Exercise aim - The whole listing below is to be copied exactly, with every picture left out.

Available data -
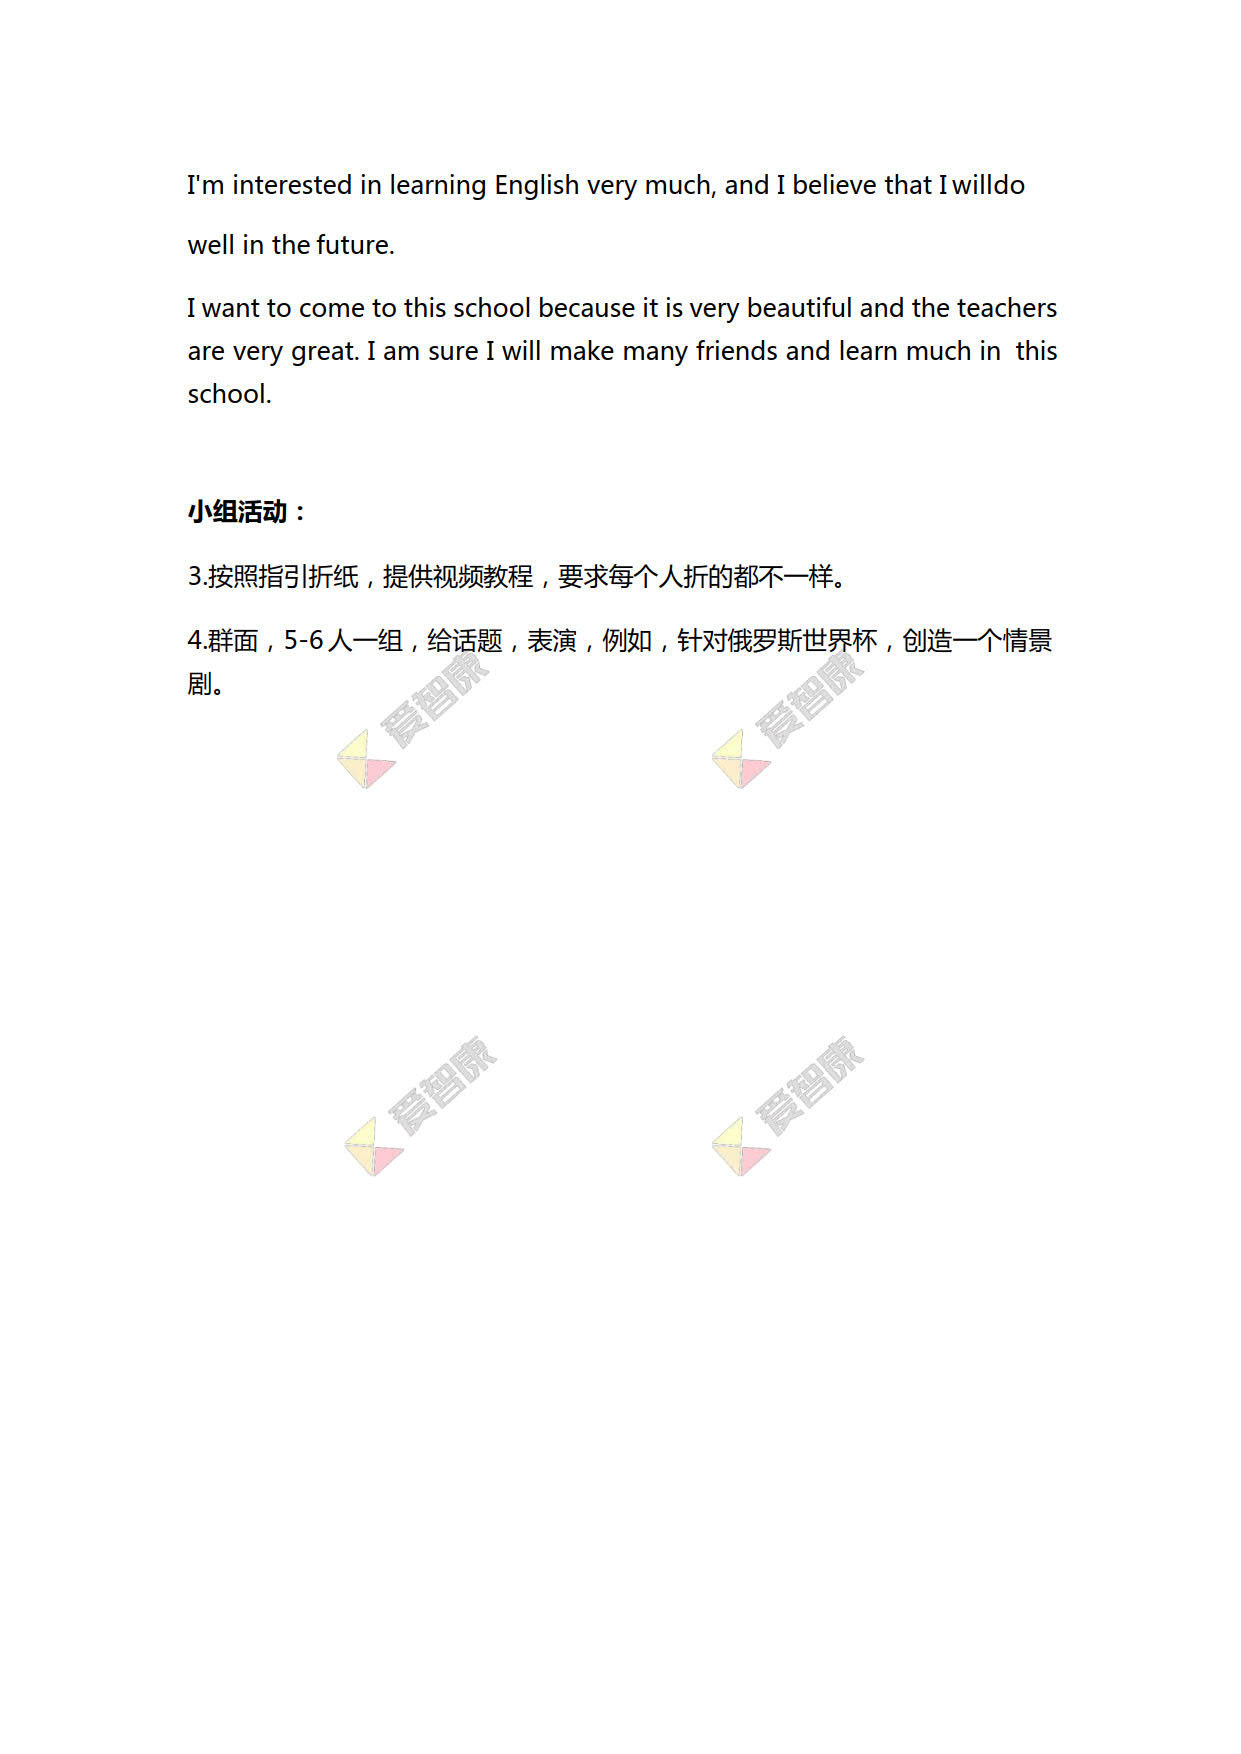 2018年广州中大附中对话题目&解析
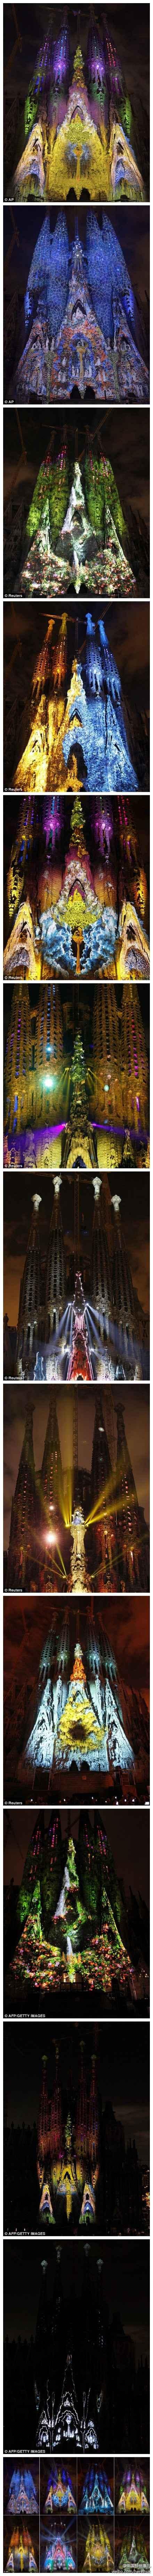 当巴塞罗那圣家堂遇上彩色投影灯。。。。。整个场景奇幻到爆了!!!
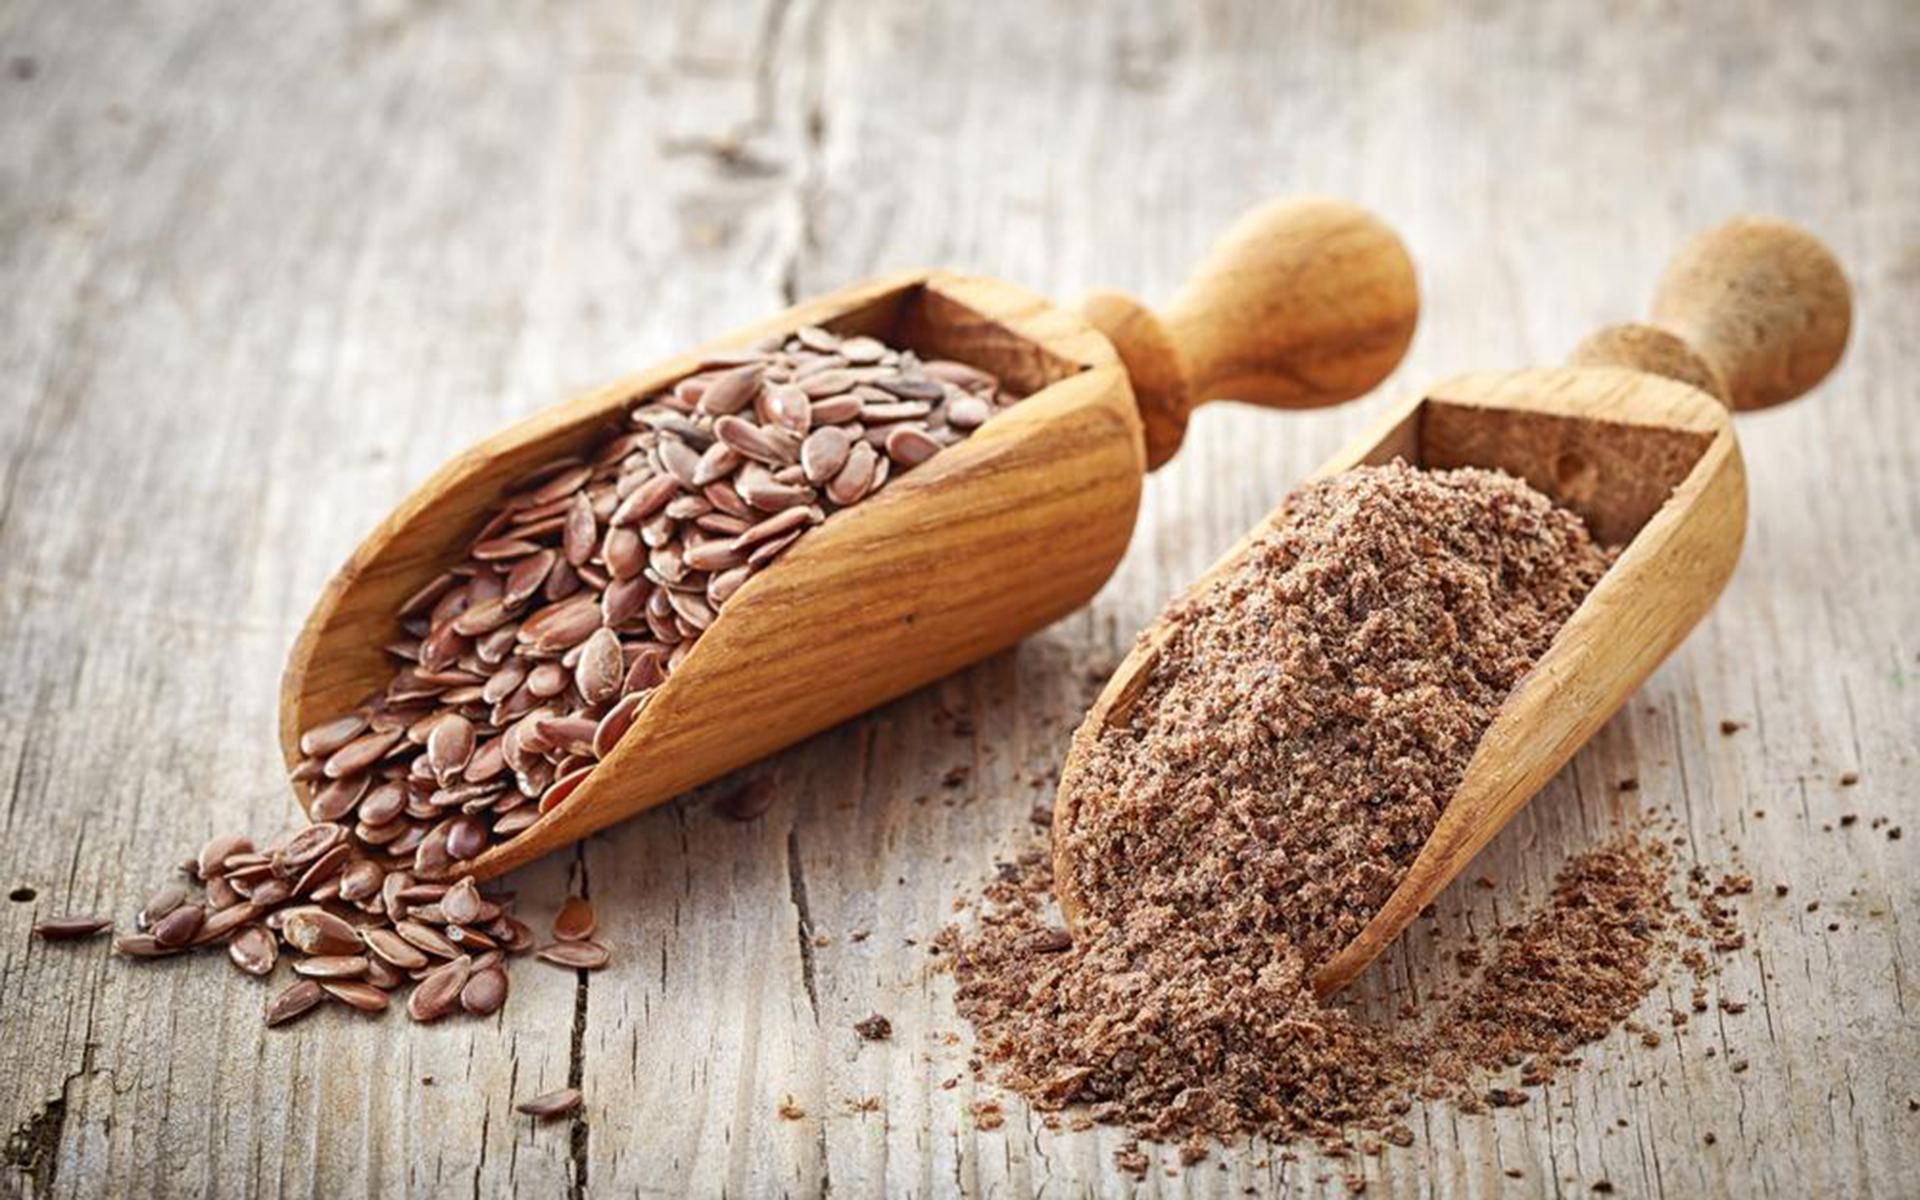 Detoxifiere colon cu faina de in. Reteta de detoxifiere cu miere si seminte de in

Exercise solution -
 2018年广州中大附中对话题目&解析
 当巴塞罗那圣家堂遇上彩色投影灯。。。。。整个场景奇幻到爆了!!!
 Detoxifiere colon cu faina de in. Reteta de detoxifiere cu miere si seminte de in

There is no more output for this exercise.